“I shall be delighted.”

“I’ll get Lady Jennings to lend me the victoria to-morrow, and meet you outside Lyons’ tea room at four. Will that do?”

She spoke with the air of an angry empress, cold, reserved, with a suggestion of suppressed thunder in look and voice. Gerard went away in a state of bewilderment impossible to describe.

Not only was he now quite sure that it was she whom he had seen in the crowd, but he knew that she had the strongest possible objection to its being known that she led a double life. He could not understand it. If she had been a clever “sensational” journalist, with subjects to work up by actual observation, as he had at first supposed, there was no reason in the world why she should not have confessed the fact to him. Although he was not an intimate friend of hers, she knew him quite well enough for an ordinary girl to feel sure that he could be trusted with a paltry little secret such as that. It was true that she might naturally prefer to keep her own counsel to her friends on such a point: old ladies would certainly feel nervous about such an undertaking on the part of a handsome young girl as the passing under a disguise.

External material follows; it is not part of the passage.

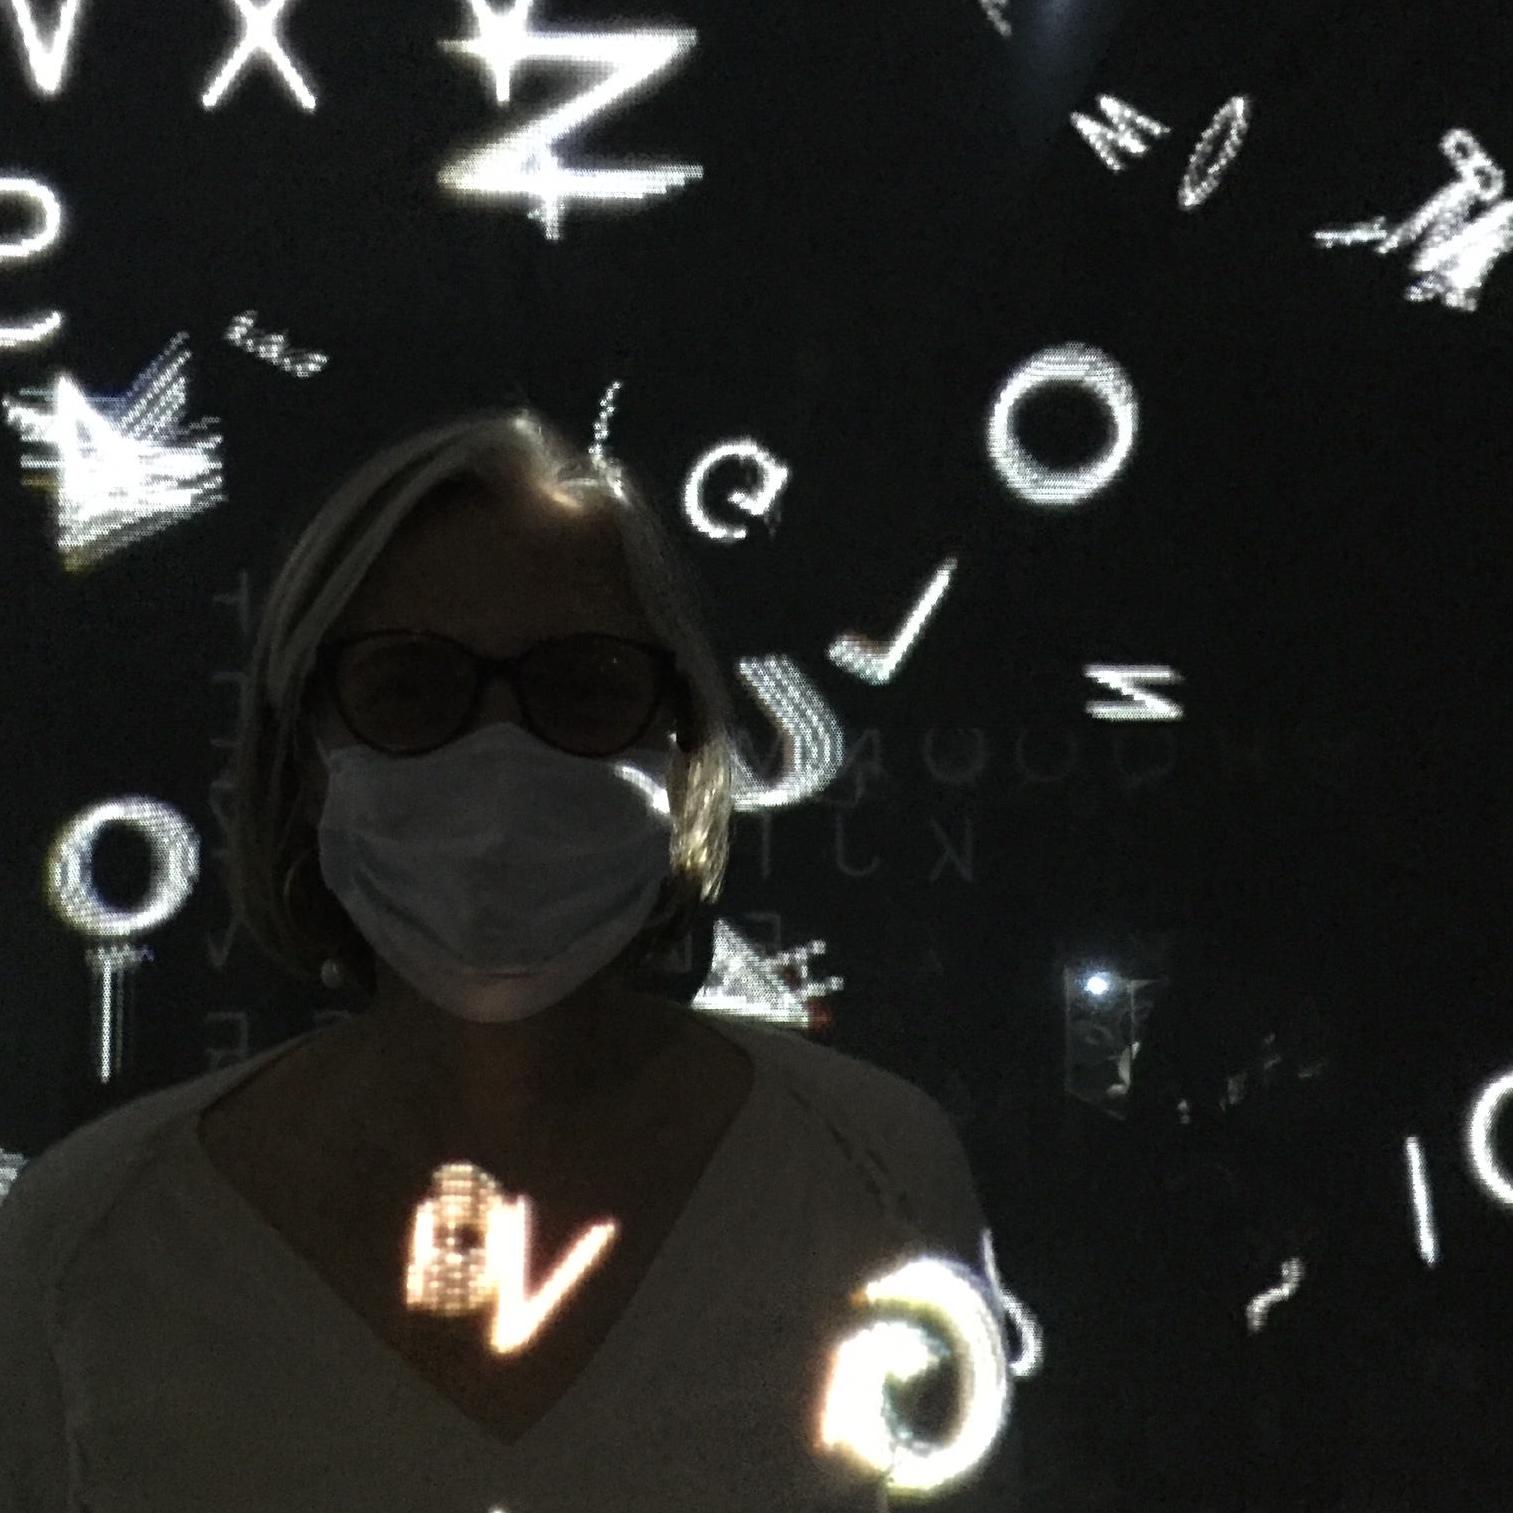 A lady wearing a mask, in the dark, with white letters projected onto her

But when she was found out, and by a man, surely common sense ought to have suggested to her that confession was the only safe course! If she had told him simply that she wore a disguise in the course of her professional pursuits, and had begged him to keep her little secret, she might have been sure of his delighted acquiescence, and of his satisfaction in the thought that he knew something about her which she wished to keep unknown to the world in general.

Considering the high level of her intelligence, Gerard was greatly surprised and disturbed at her obstinacy.

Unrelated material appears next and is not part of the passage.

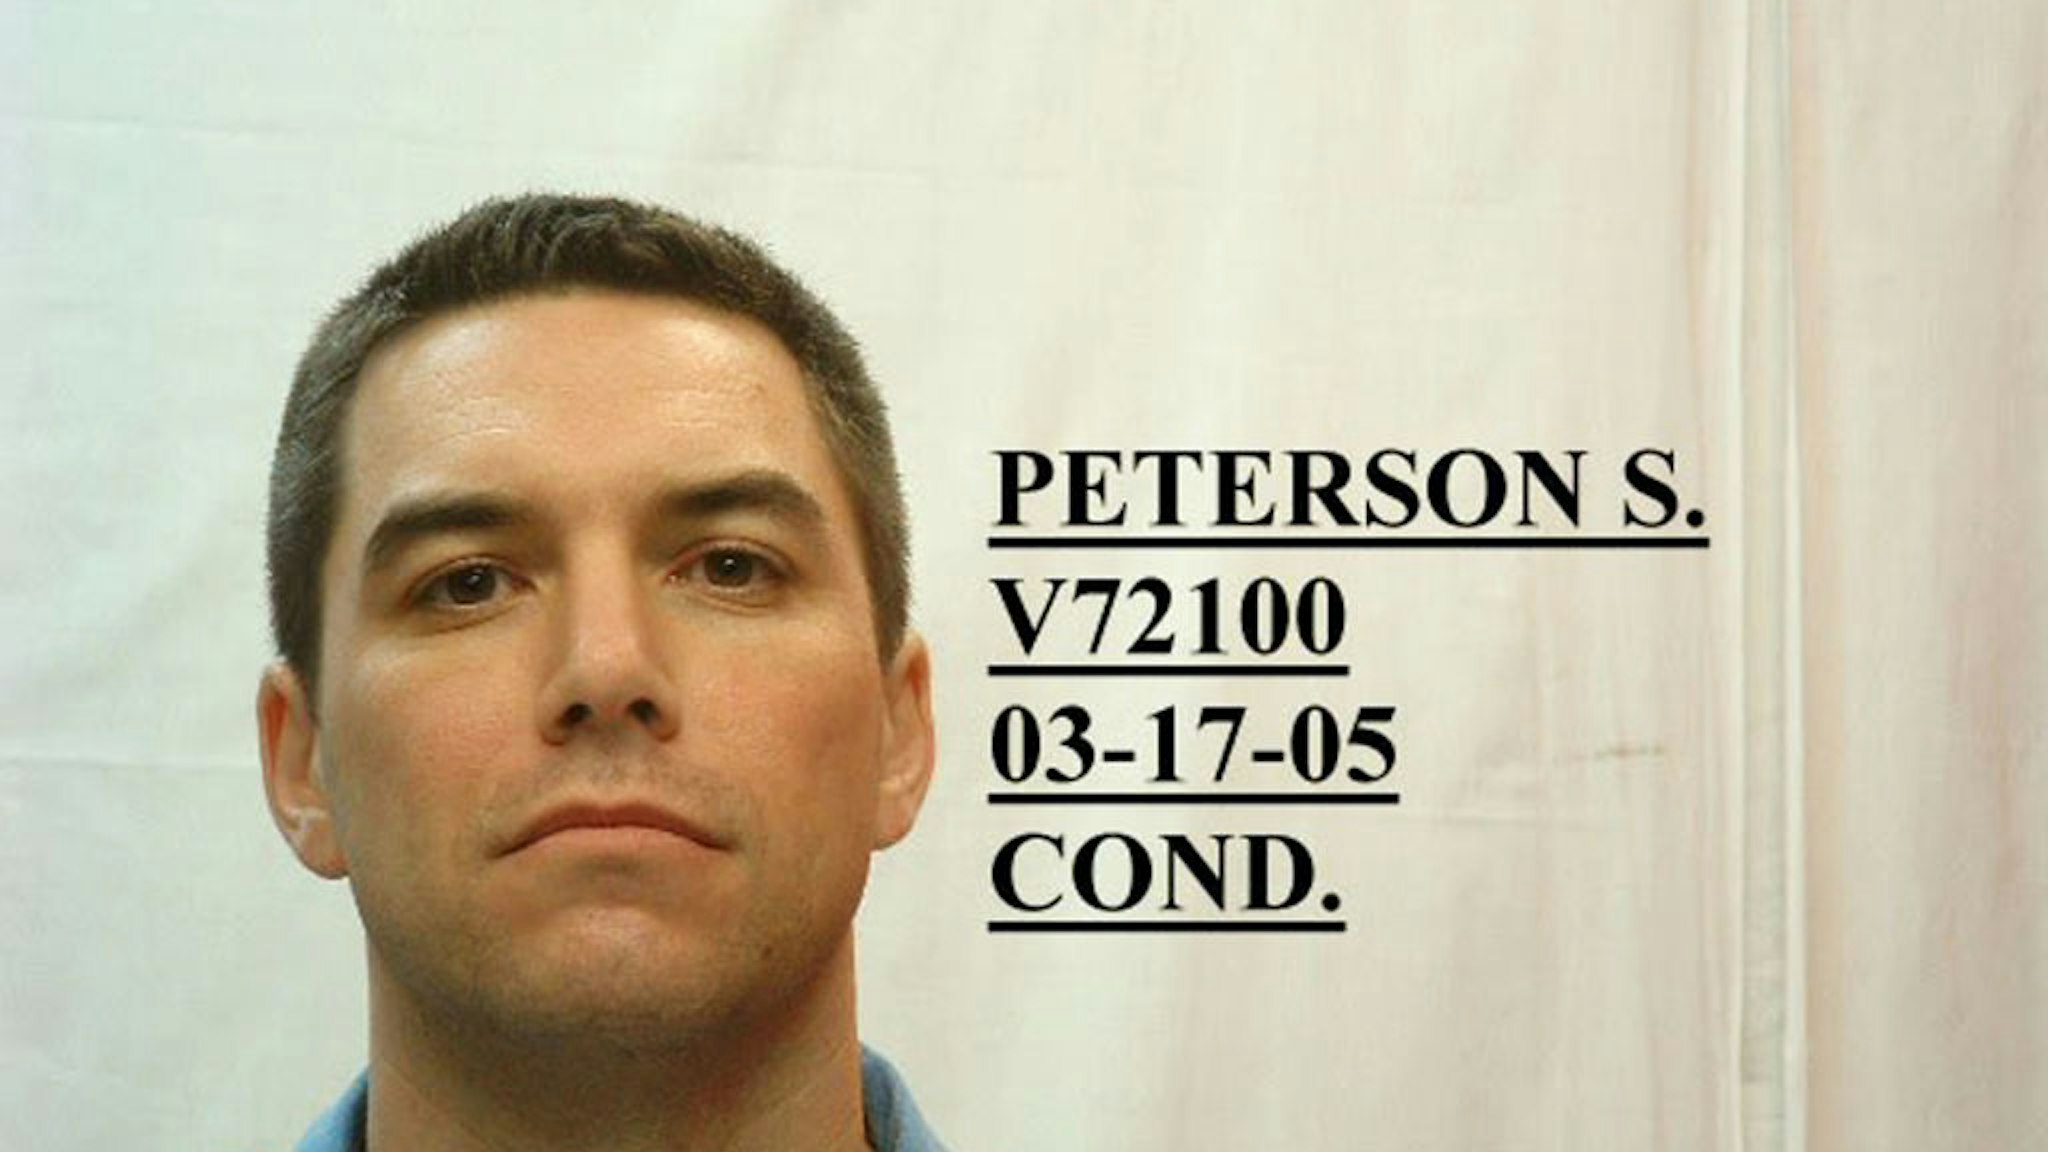 In this handout image provided by the California Department of Corrections, convicted murderer Scott Peterson poses for a mug shot March 17, 2005 in San Quentin, California. Judge Alfred A. Delucchi sentenced Peterson to death March 16 for murdering his wife, Laci Peterson, and their unborn child.

But he told himself that she would certainly be more open on the following day, and that she would tell him, if not all the truth, at least enough to endeavor to engage his loyalty in keeping her secret.

Yet in spite of these reflections, Gerard felt that there was still something ugly about what he had seen. That passing of the flashing stone to an unknown man, and then the prompt disappearance of the two persons! What was he to think of that? What would she say when he told her, pointblank, as he meant to do, that that was what he saw?

There was all the time underlying his admiration for this beautiful, spirited girl, a sickening horror of what might be in store for him when he should learn all the truth. It was not, could not be possible that she was a common thief, that the money she earned was made by practices of absolute dishonesty. And yet, the longer he lingered upon the circumstances, the more he thought about that interview with Rachel that afternoon, the more he wondered whether there was something horrible, something dishonorable about the whole affair.

That she was not a designer or artist he was by this time quite sure: every circumstance confirmed him in his opinion. No artist worthy the name can live long without a pencil in his hand; yet no one appeared ever to have seen her at this mysterious work which brought in eight hundred a year!